• **PROBLEM DETAILS**
Where a picture appears, leave it out, and transcribe all the lines below exactly.

• **INFORMATION SUPPLIED**
▼▼▼
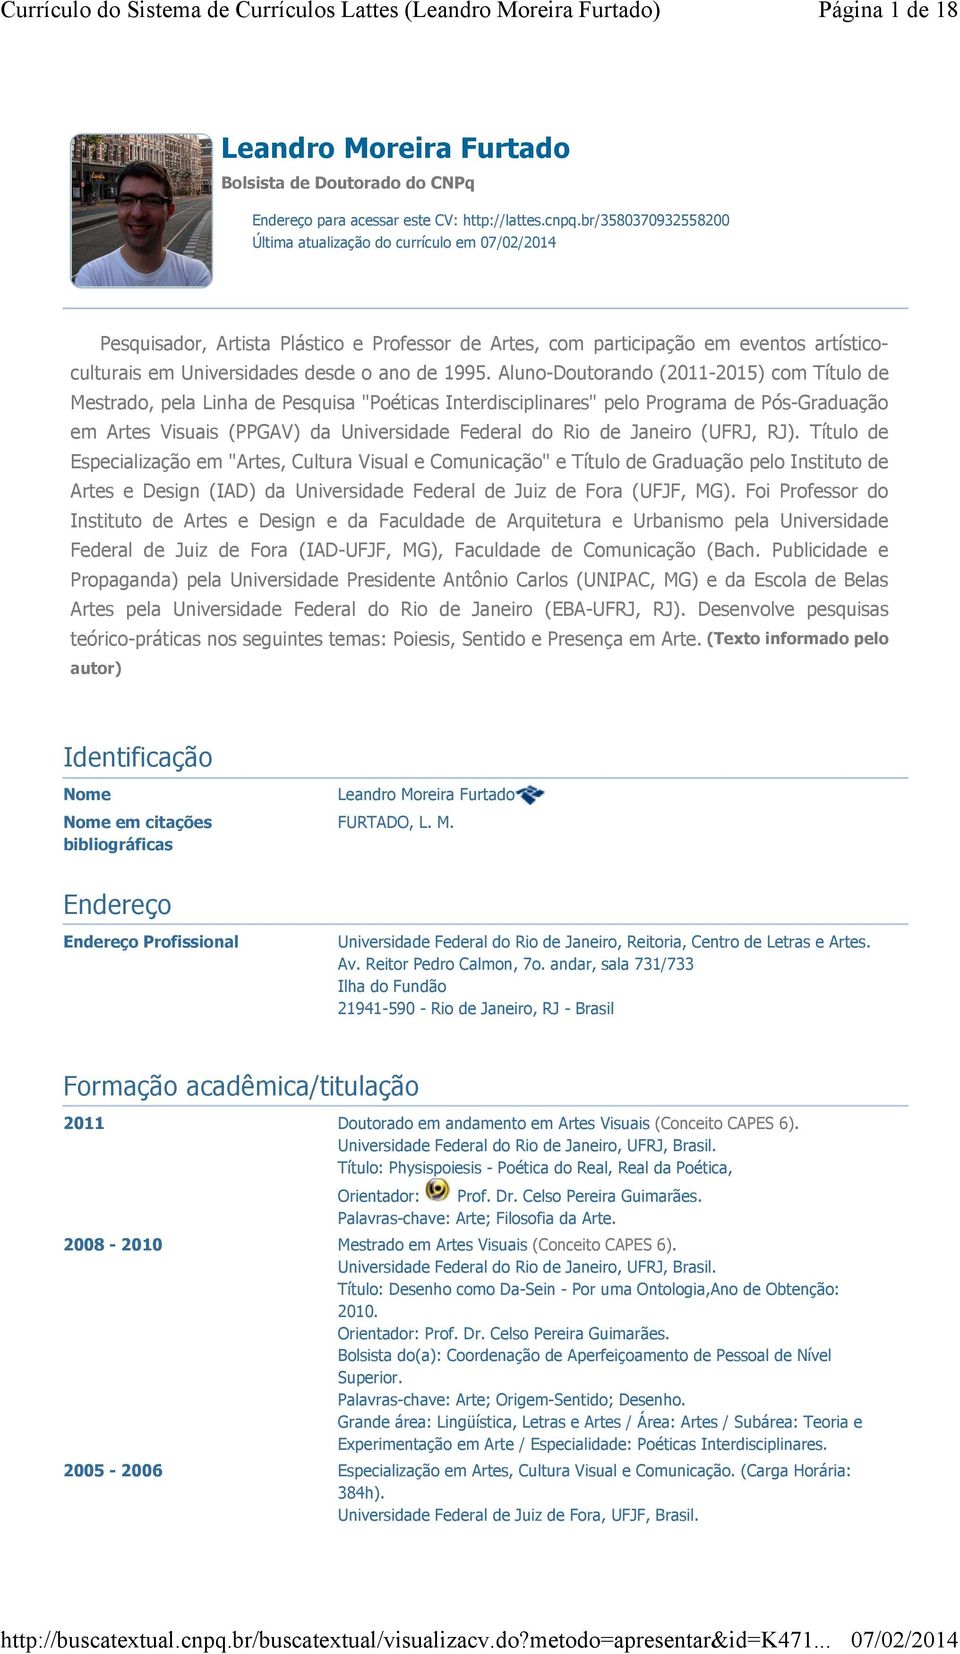 Aluno-Doutorando (2011-2015) com Título de Mestrado, pela Linha de Pesquisa "Poéticas Interdisciplinares" pelo Programa de Pós-Graduação em Artes Visuais (PPGAV) da Universidade Federal do Rio de
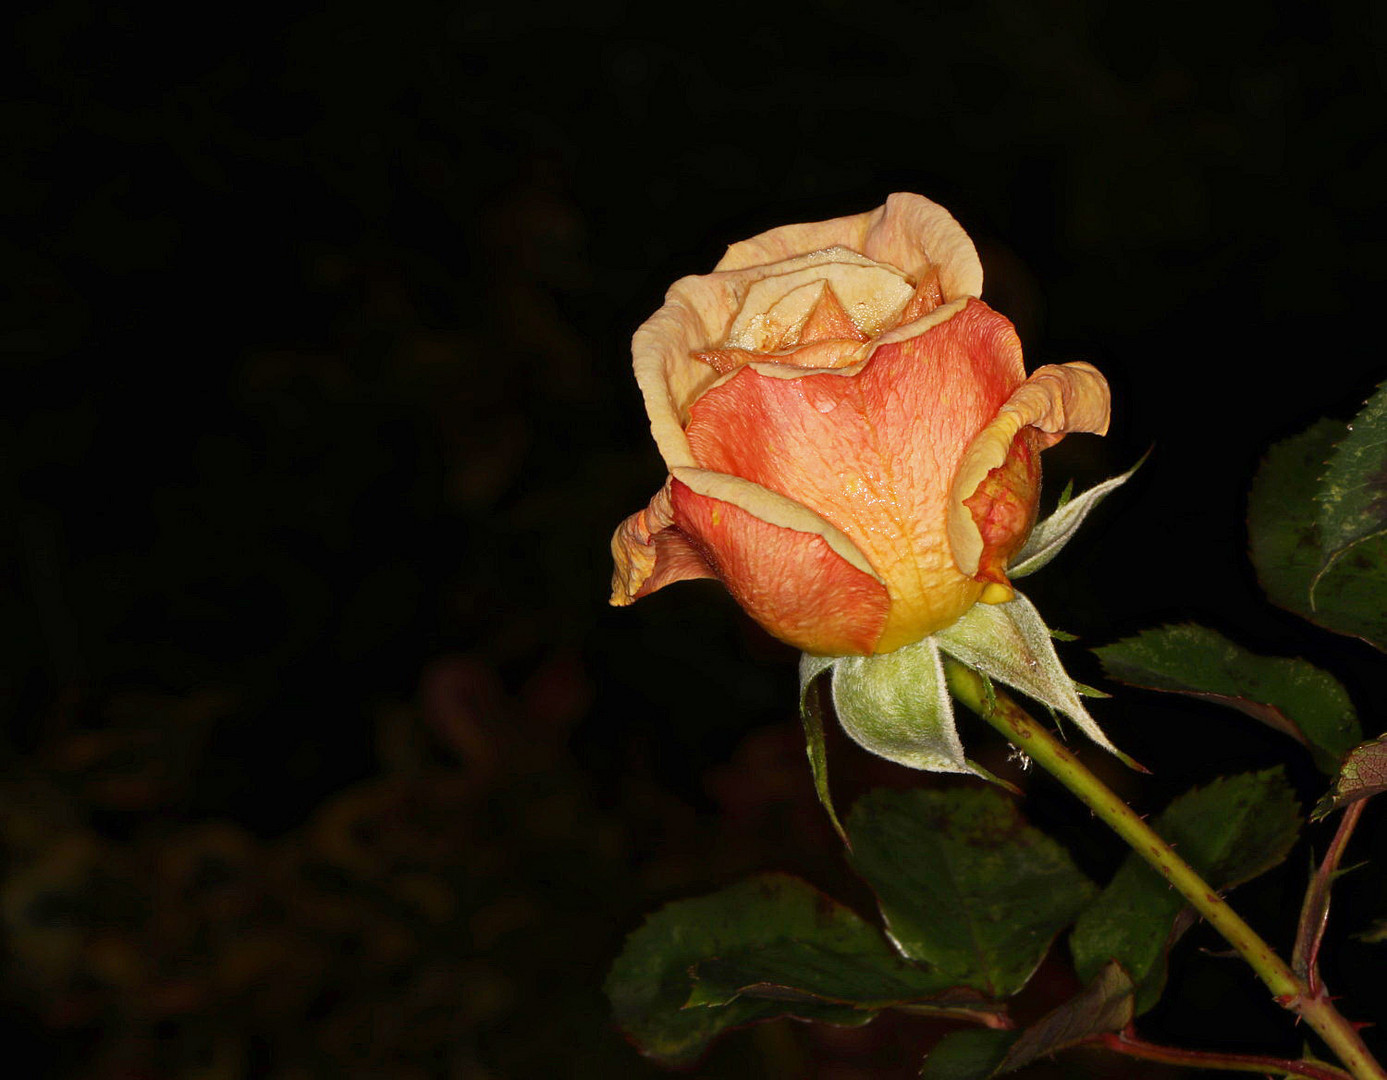 die letzte Rose im Garten
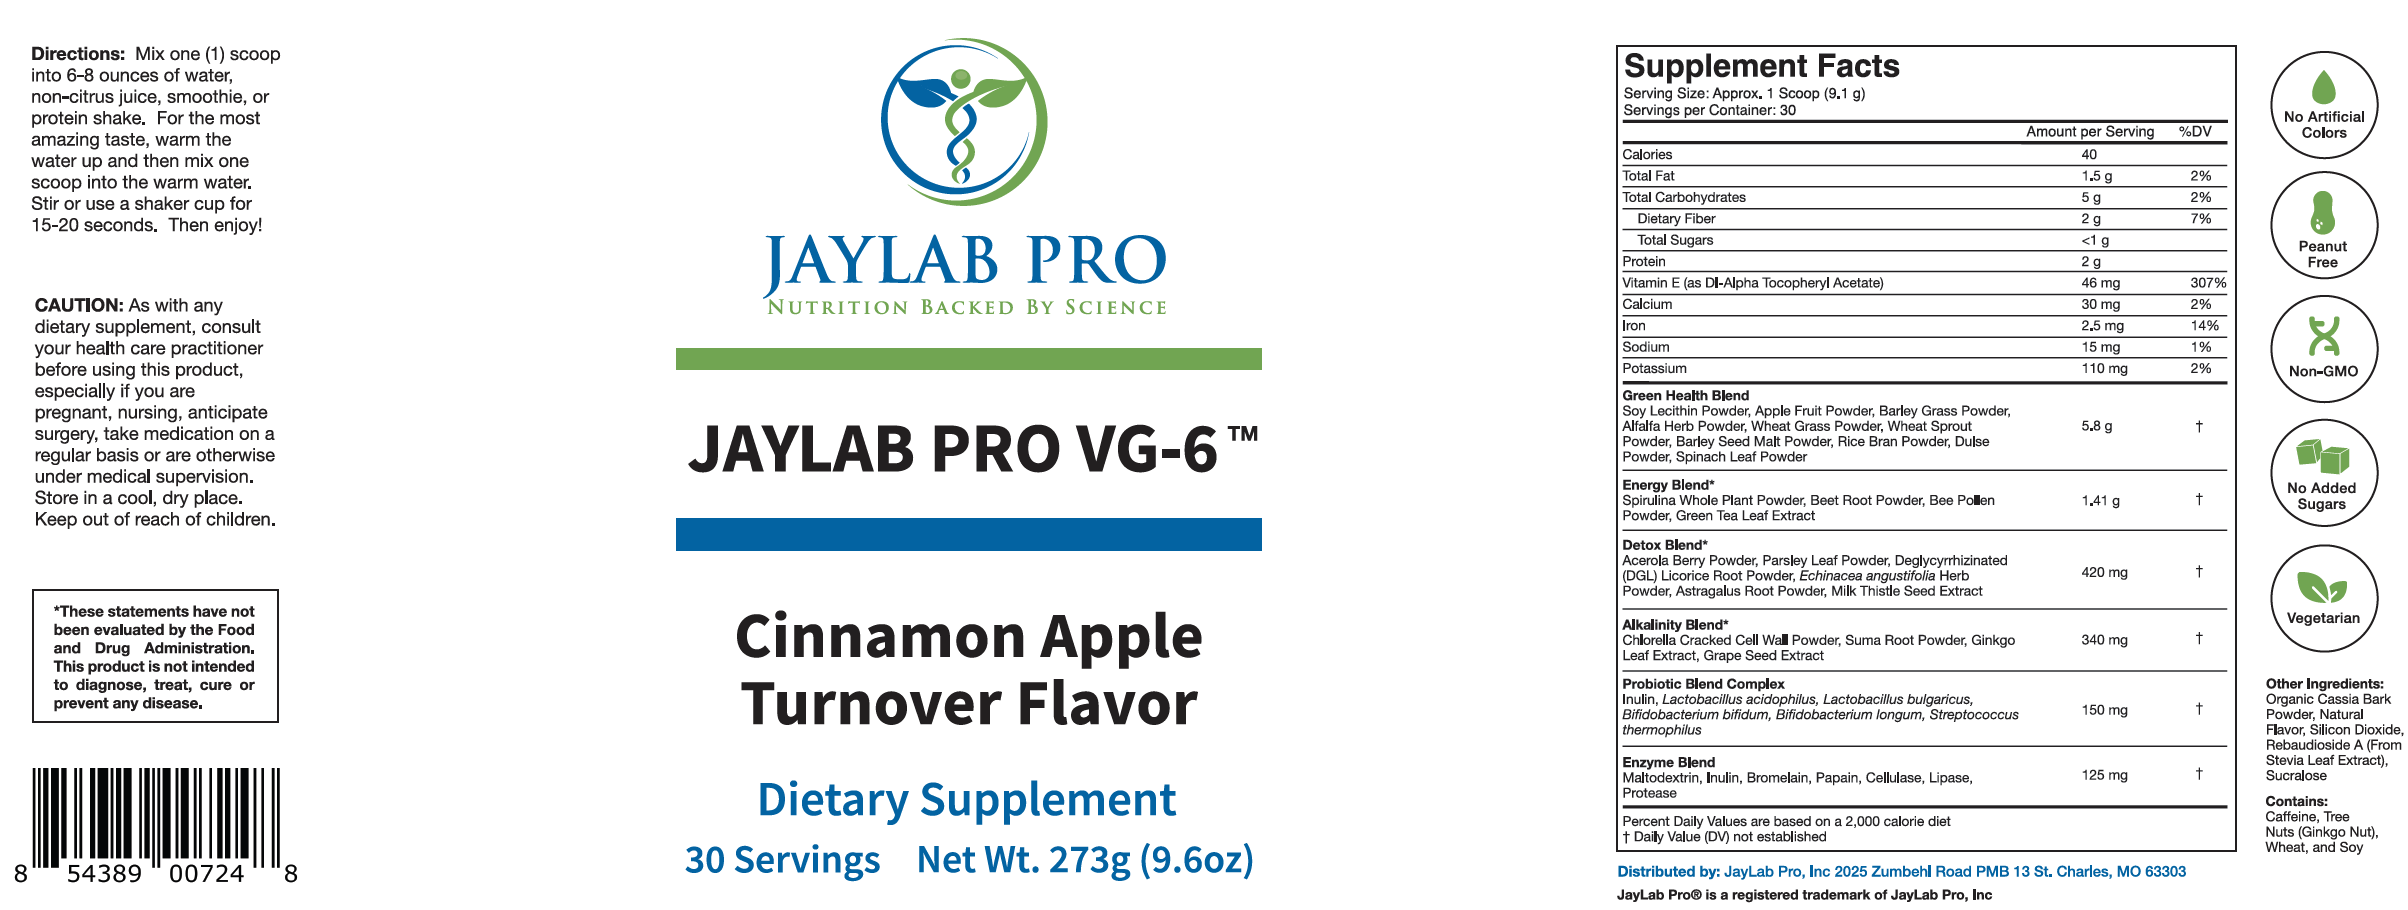 Jaylab Pro Nutrition
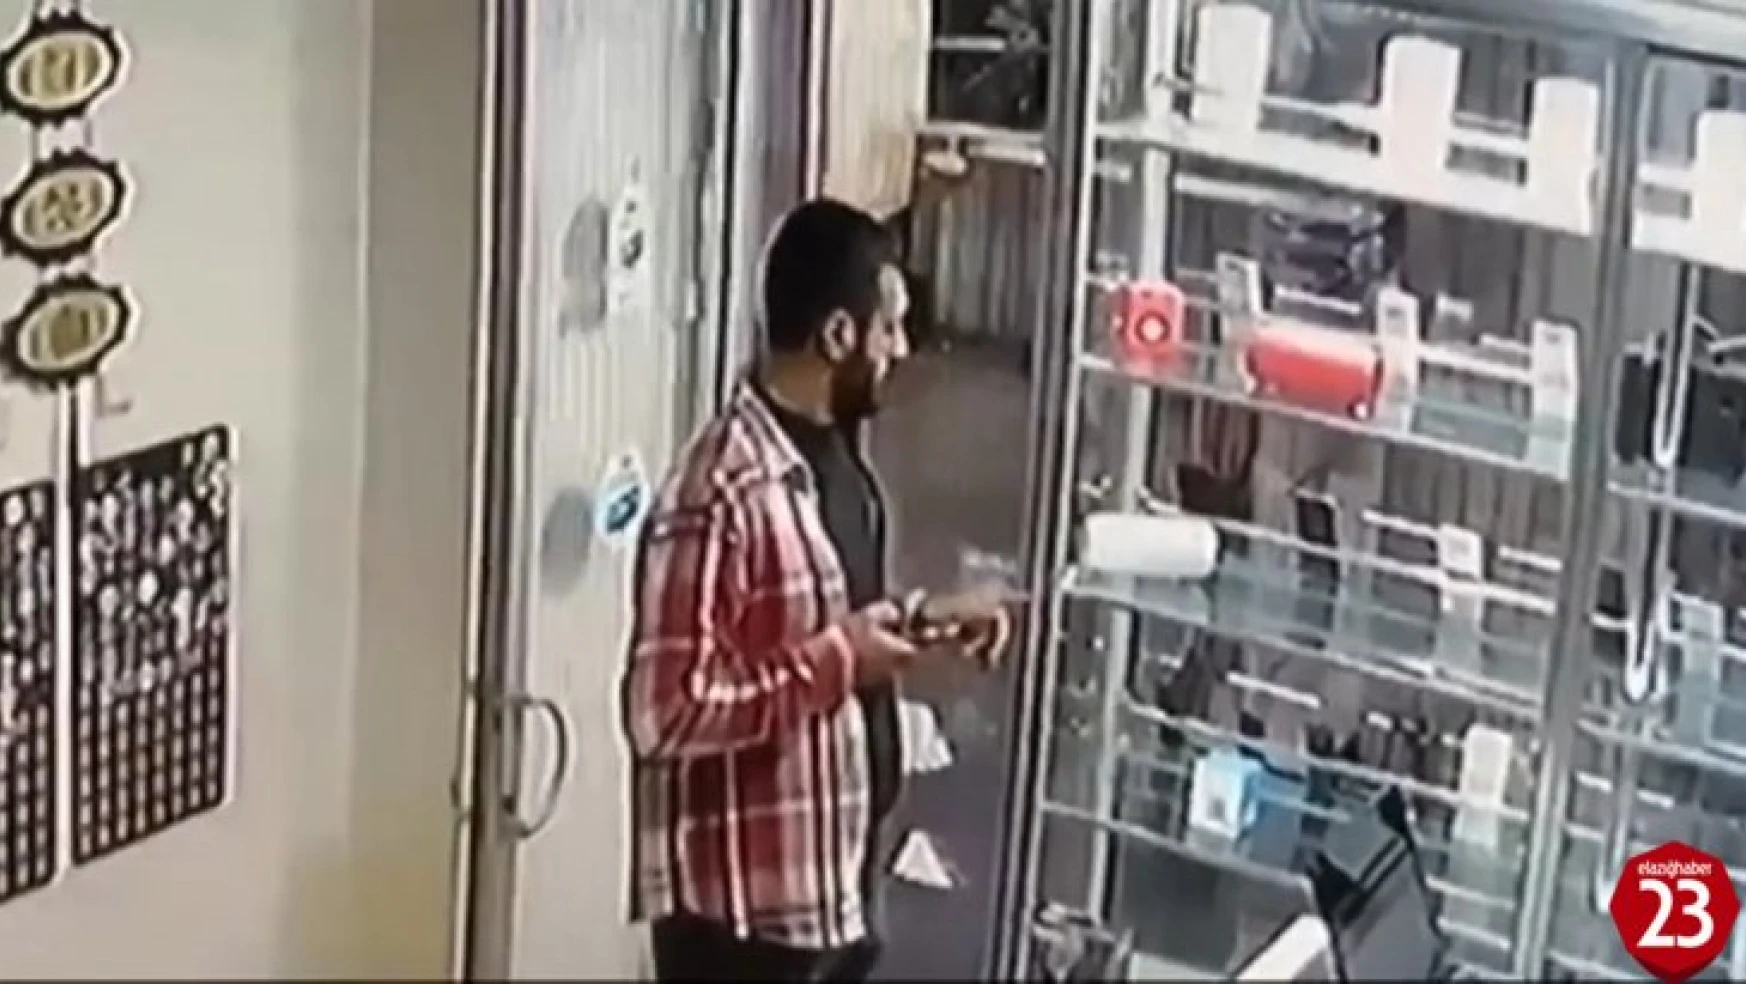 Dükkanda Kimsenin Olmadığı Anlayan Hırsız, Vitrindeki Telefonu Çaldı
▲▲▲
• **ANSWER TO THIS PROBLEM**
 Aluno-Doutorando (2011-2015) com Título de Mestrado, pela Linha de Pesquisa "Poéticas Interdisciplinares" pelo Programa de Pós-Graduação em Artes Visuais (PPGAV) da Universidade Federal do Rio de
 die letzte Rose im Garten
 Jaylab Pro Nutrition
 Dükkanda Kimsenin Olmadığı Anlayan Hırsız, Vitrindeki Telefonu Çaldı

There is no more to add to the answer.